Stupeflip est un groupe français formé en 2000 et composé de Julien Barthélémy (dans son rôle de King Ju), Stéphane Bellenger (dans son rôle de Cadillac) et Jean-Paul Michel (dans son rôle de MC Salo). Le style musical du groupe est varié: rap, pop, fusion et variété, mais trouve ses influences également du côté de Bérurier Noir, du hip-hop et du punk, le tout ponctué de sons expérimentaux créés par King Ju.
L’une des caractéristiques majeures de ce groupe est la volonté assidue de ses membres de se détacher des star-system et studio-system de l’industrie musicale. Cette volonté se traduit notamment par une méfiance envers les médias de masse.

Ils le démontrent de manière parfaitement claire dans cette interview « pas préparée » de Thierry Ardisson, au sein de son émission Tout le monde en parle, sur France 2. La seule version disponible est celle rendue disponible par France 2 après un remontage de l’émission. Il semble évident que l’attitude du groupe n’a pas plus à la chaîne nationale.
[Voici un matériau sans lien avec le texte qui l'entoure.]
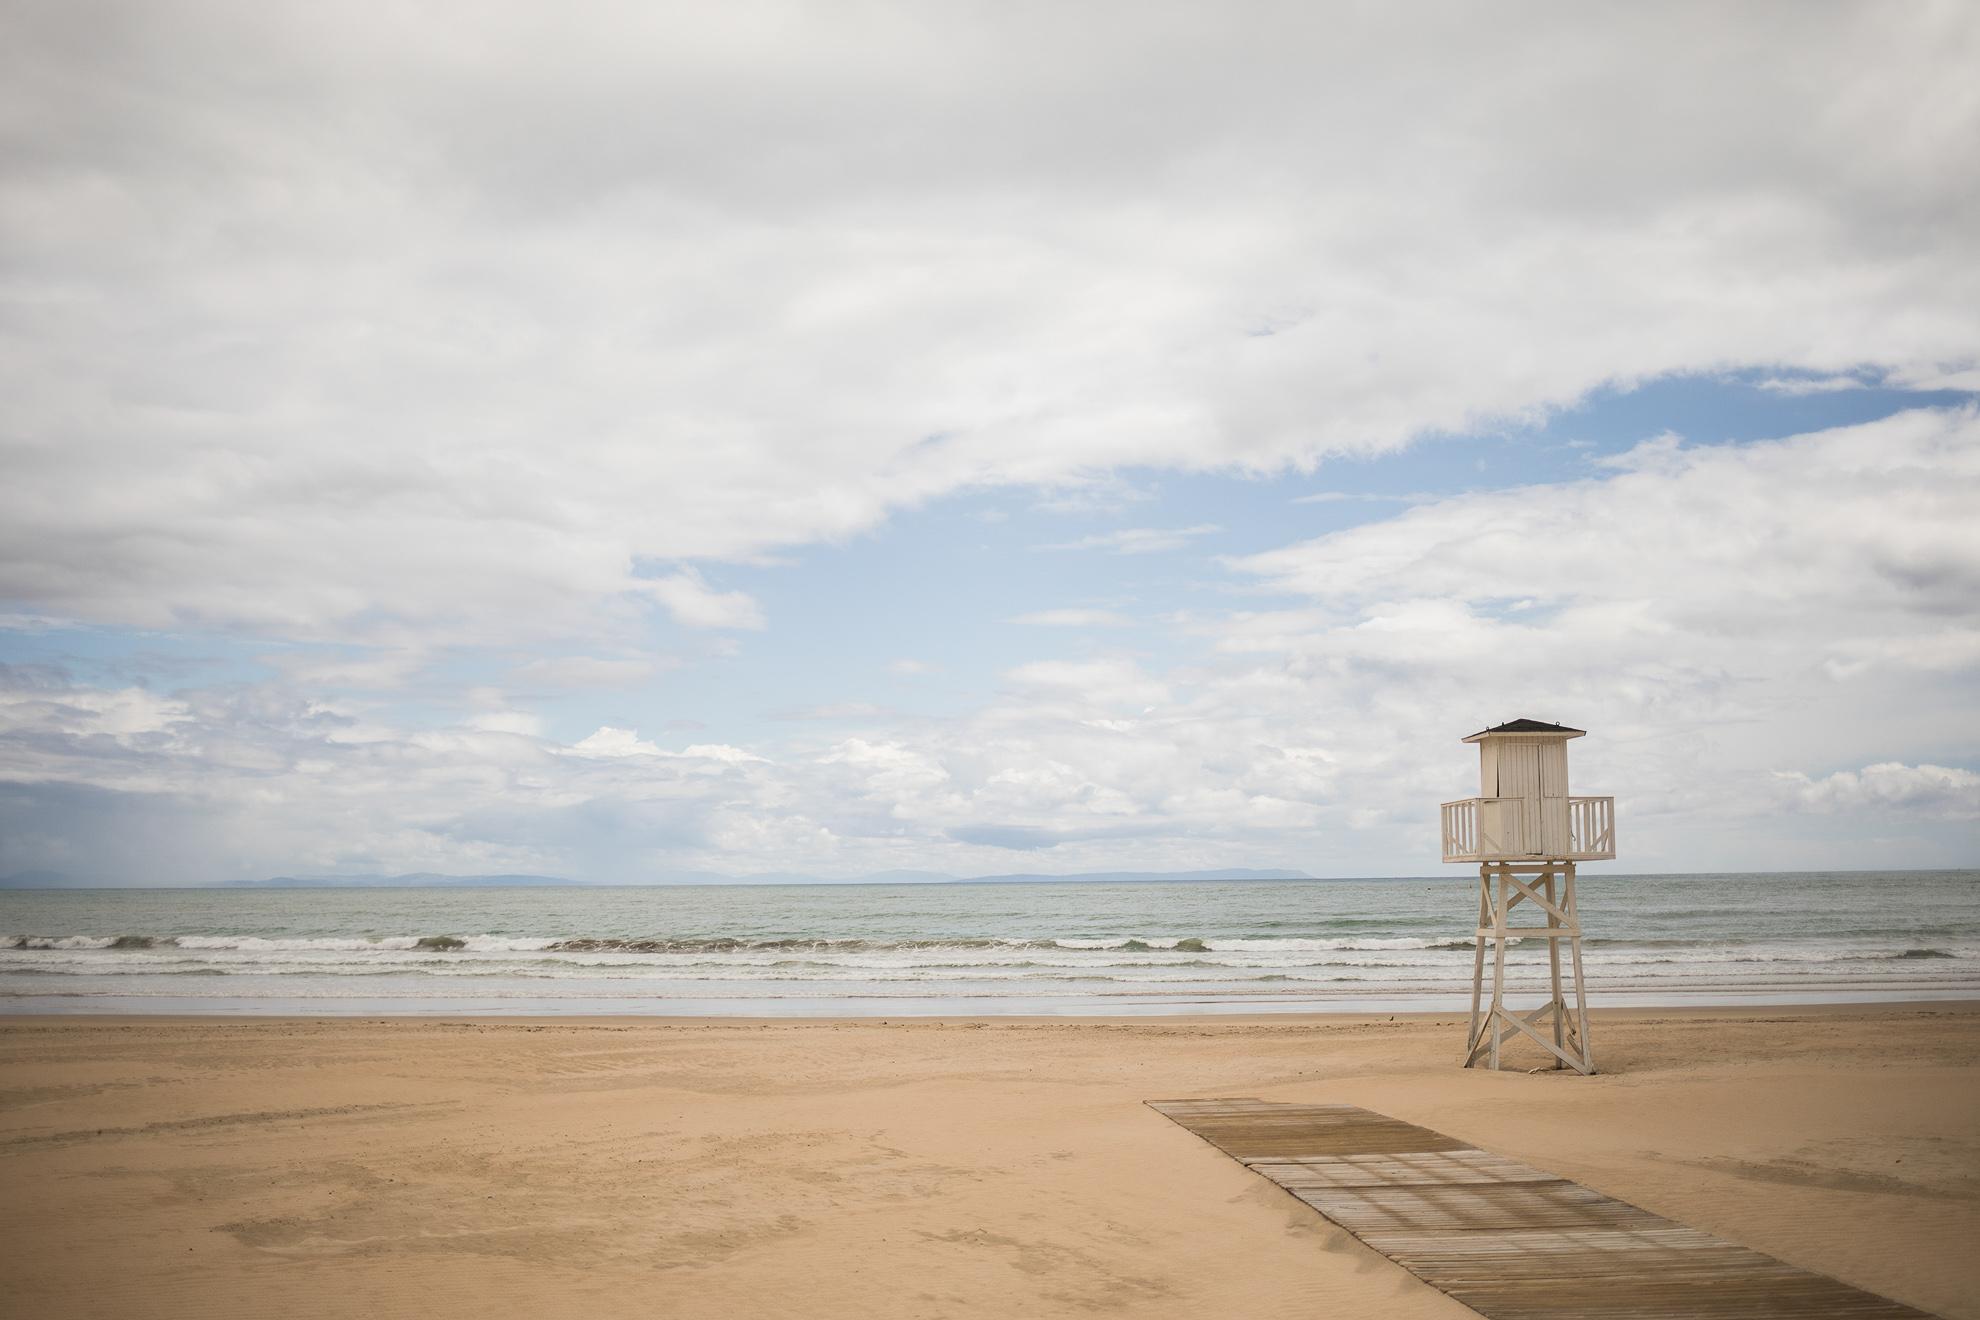 Mañana se pasa a Fase 2 de la desescalada en el confinamiento por la pandemia en muchos lugares, como el caso de la provincia de Cádiz. Entre otras actividades, se podrá disfrutar del baño en muchas de las playas de la provincia que, hasta ahora, permanecían vacías. Siendo los 138 kilómetros de playa de arena fina el principal atractivo turístico de la provincia y experimentando ya temperaturas superiores a los 30º C, se espera una gran afluencia de personas. Algunos ayuntamientos trabajan en la implantación en medidas de control de aforo, otros en ampliar el periodo de prohibición del baño hasta más adelante. En la imagen, la playa de Barbate completamente vacía de personas.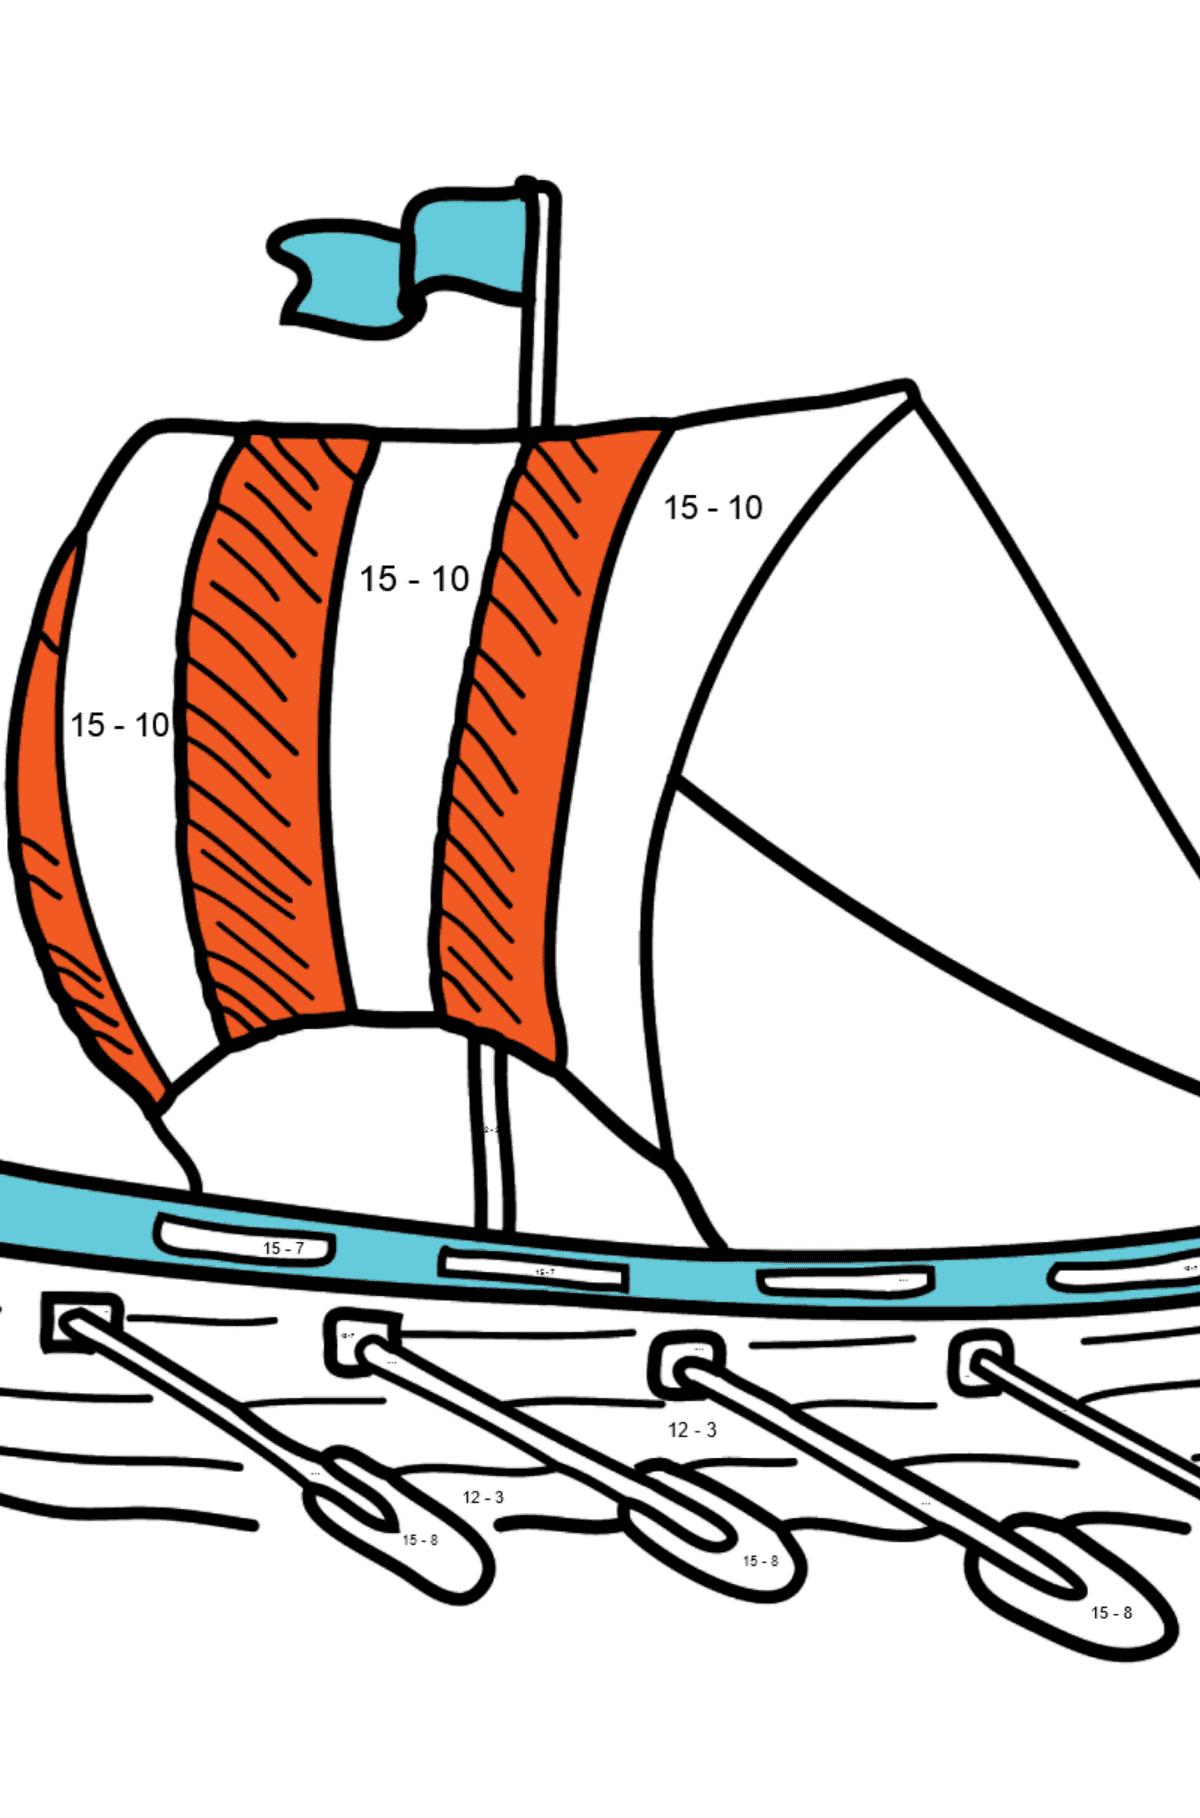 Раскраска ладья речная - Математическая Раскраска - Вычитание для Детей

D’ailleurs, je me souviens bien n’avoir pas compris grand chose la première fois où je l’ai vu.

Cette méfiance envers les médias de masse et l’industrie musicale va mener le groupe a être exclu du label qui les produisait et à poursuivre sa carrière en freelance, sur internet.
Leur troisième album, The Hypnoflip Invasion, sortira en 2011 et sera suivi deux albums particuliers: The Terror Maxi (sortit uniquement en vinyle en 2011) et Terrora !! (un Maxi sortit en 2012). Leur succès public sera mitigé (le public fidèle du groupe sera au rendez-vous, mais le grand public ignore presque totalement ces albums), bien que le succès critique soit plutôt au rendez-vous (Si les deux premiers albums, Stupeflip (2003) et Stup Religion (2005) sont reconnus comme bon, le troisième est considéré comme leur meilleur).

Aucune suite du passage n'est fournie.